With China's new urbanization vision and existing urban renewal and building energy efficiency improvement project, large-scale energy conservation renovation of regional buildings has become an important content of ecological environmental protection and low-carbon and an important means to improve the regional energy efficiency level. Of energy-saving reform foundation database is presented in this paper, including construction, power consumption, equipment, operation, technology and willingness to word stock, statistics obtained the regional energy complex parameter (envelope thermal performance, elevator equipment, power and efficiency of cooling and heat sources, etc.) statistical rule and can use the benchmark, build the regional buildings energy consumption prediction model based on bayesian estimation, The probability matrix of large-scale reconstruction of regional buildings is obtained. At the same time, the global sensitive parameter analysis method and the single parameter regression model of energy saving transformation factor are established, and it is found that the internal load factor has the most significant effect on energy consumption.
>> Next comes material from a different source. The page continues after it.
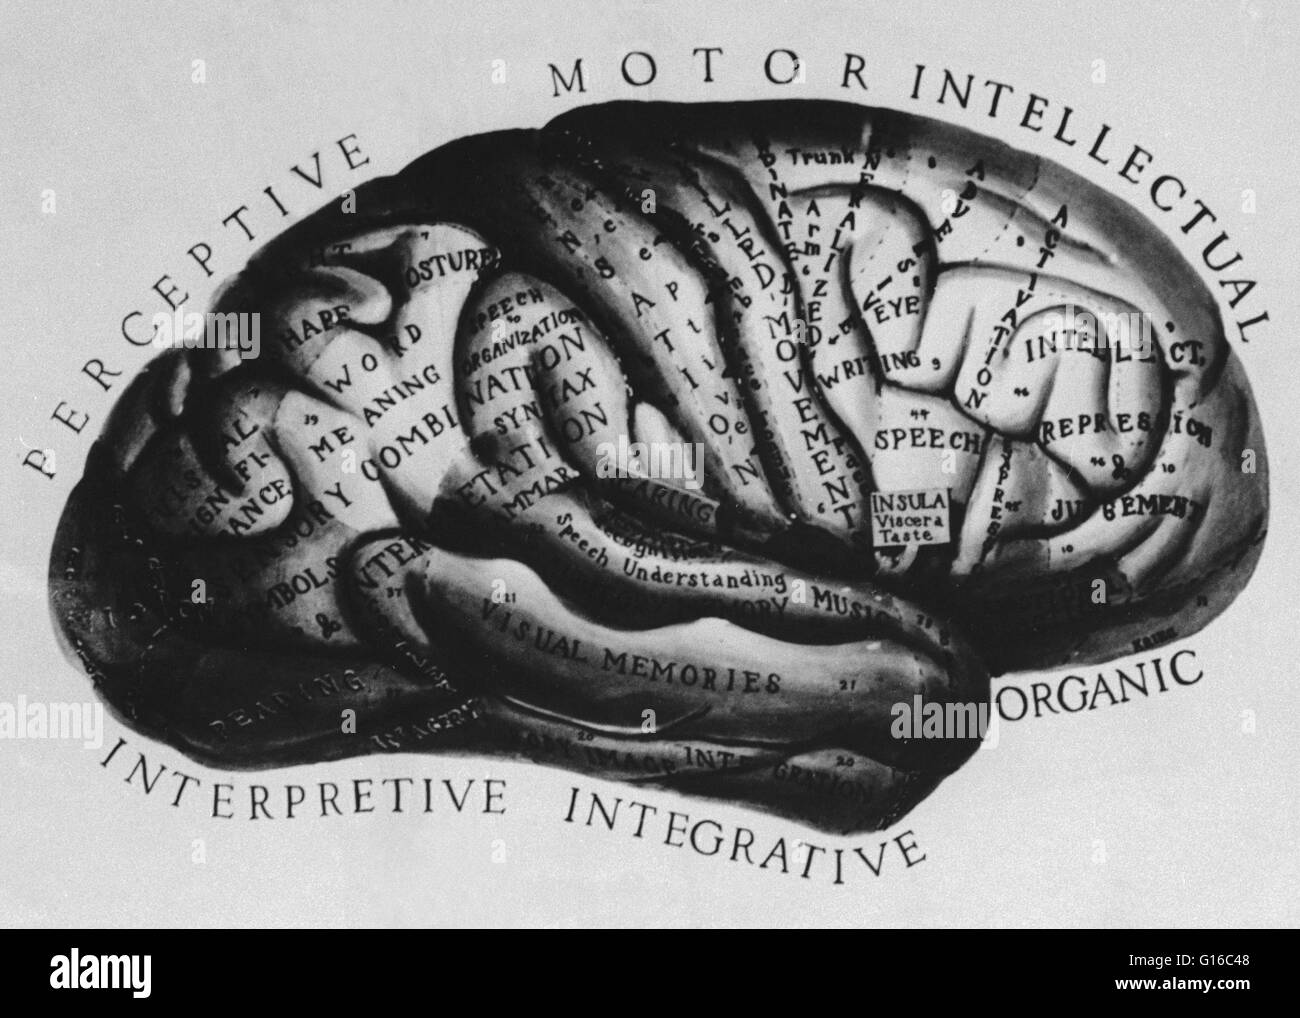 Eine historische anatomische Abbildung des Gehirns mit Teile beschriftet das medizinische Wissen der Zeit entsprechend. Stockfoto

By adjusting energy parameters, the probability distribution curve of energy saving and the distribution of normalized value under the constraint conditions of different reconstruction scenarios were simulated, and the discrete MC simulation method was used to predict the regional overall energy saving reconstruction based on renovation intention, which could realize the trade-off judgment and gradual optimization of the strategy package of energy saving measures combination.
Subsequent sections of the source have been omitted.